Why it happens. AI reviewers do not reliably process inline documentation that acknowledges risk. They will read the NOTE and flag the risk anyway, as though the NOTE were not there. This is a philosophical failure more than a technical one — the reviewer weights “is this risky?” over “has the team already acknowledged this risk?”

Detection signal. Check whether the flagged region is immediately preceded or followed by a NOTE, TODO, or comment that acknowledges the same issue. If yes, the flag is redundant with existing documentation.

Prevention. Harder than it looks. “Already documented” is not a reliable skip reason, because the AI reviewer flagged the code despite the documentation.
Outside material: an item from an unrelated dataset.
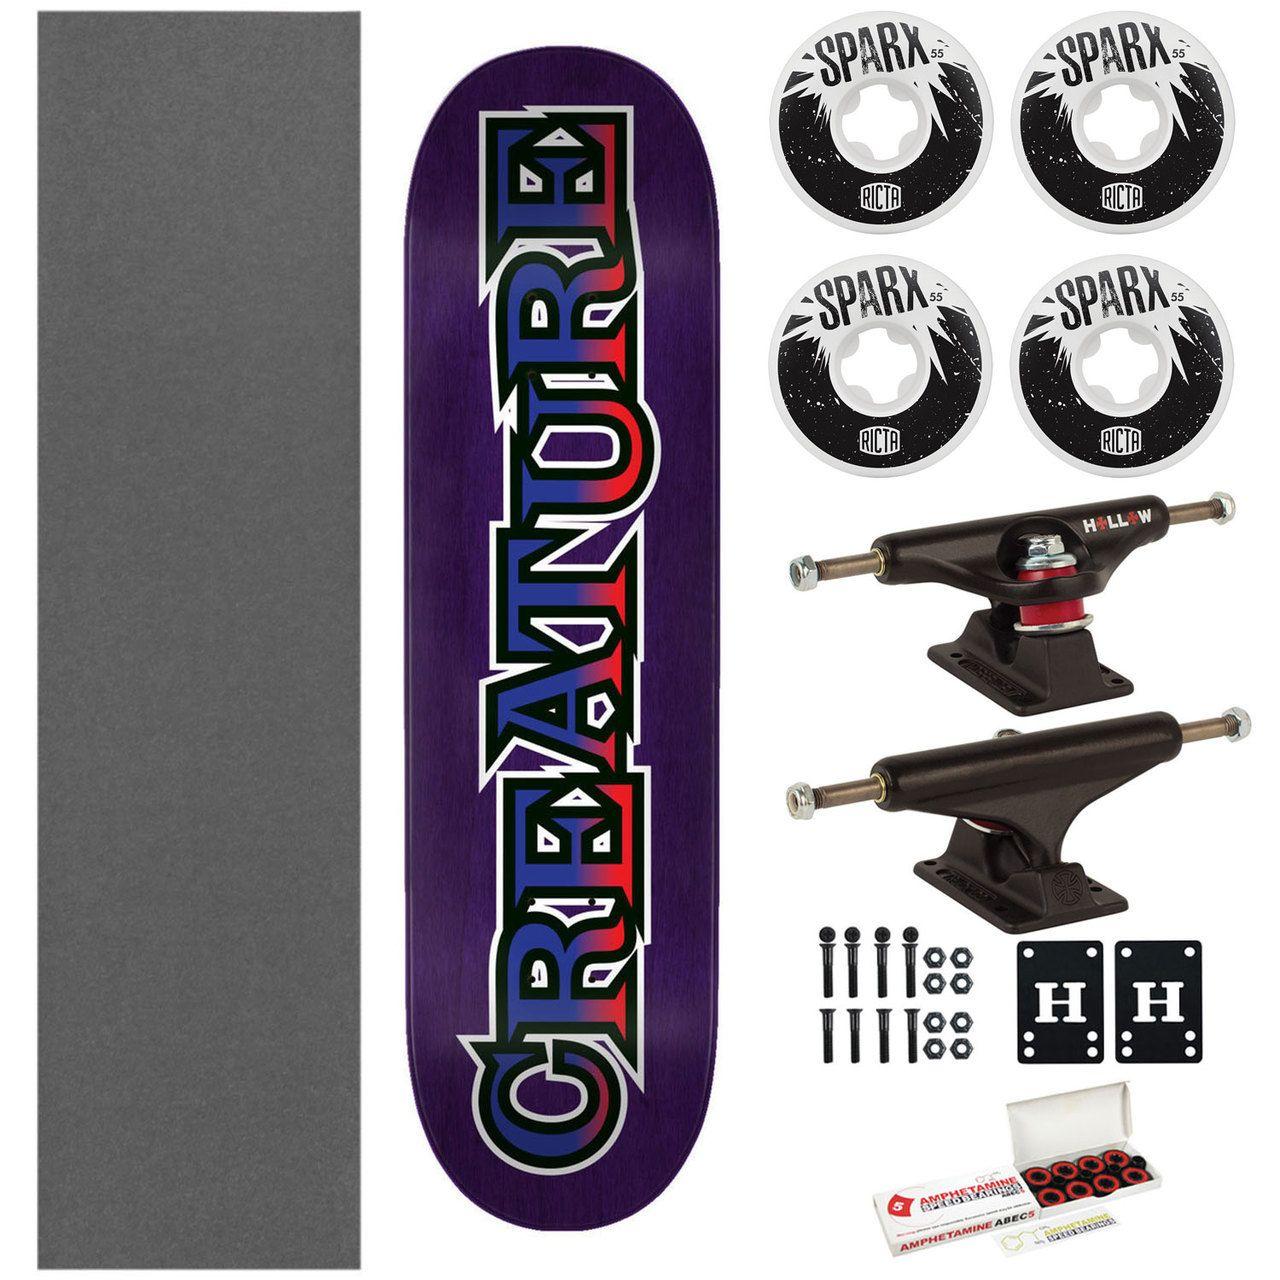 Ricta Logo - Creature Complete Long Logo Sm 8.0 with Independent Trucks, Ricta Wheels
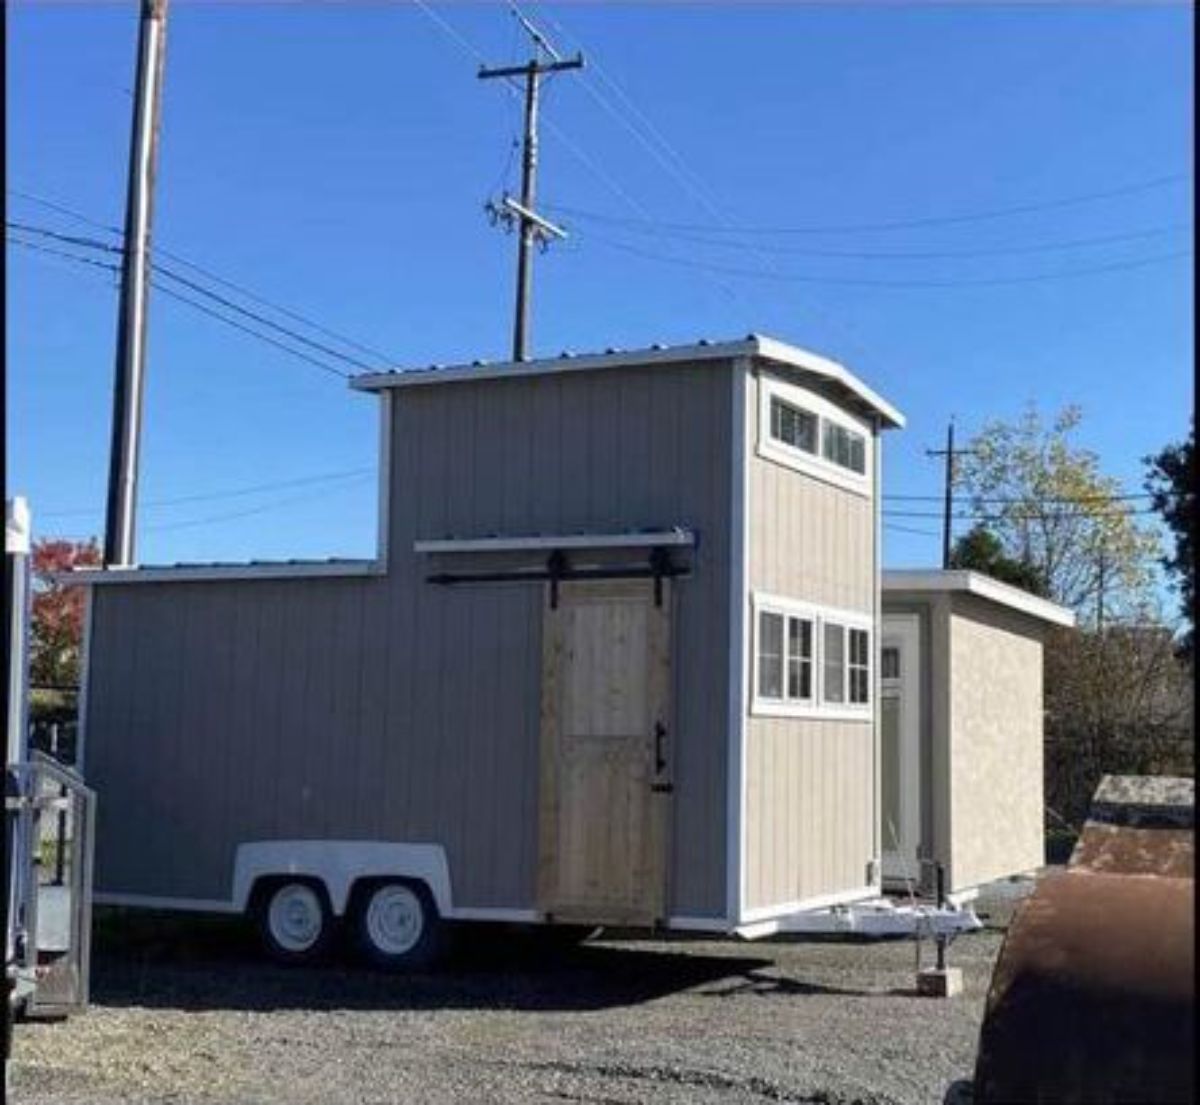 17’ Tiny Home With Sleeping Loft Up For Grabs from outside

The documentation format may not be machine-readable enough for the reviewer to recognize as a deliberate acknowledgment. I do not have a great fix for this one yet — I just classify it as INVALID and move on.

Pattern 3 — Disagreeing Claim

One-line definition: Two AI reviewers reviewing the same code give directly opposite factual claims, not opinion differences.

On a Python PR (the crucio project, FastAPI / Starlette stack), Codex flagged the ForwardedHostMiddleware registration order in main.py as inverted, arguing: “in FastAPI/Starlette, add_middleware() stacks so later calls execute earlier”. On the same lines, Claude-review left an INFO comment that explicitly reassured: app.add_middleware(ForwardedHostMiddleware) as the first call in create_app() is correct — Starlette inserts at index 0 and then applies in reverse, so the first registered becomes the outermost layer.”

These are not opinion differences about style or trade-offs. They are factual disagreements about what Starlette actually does, with a definitive right answer.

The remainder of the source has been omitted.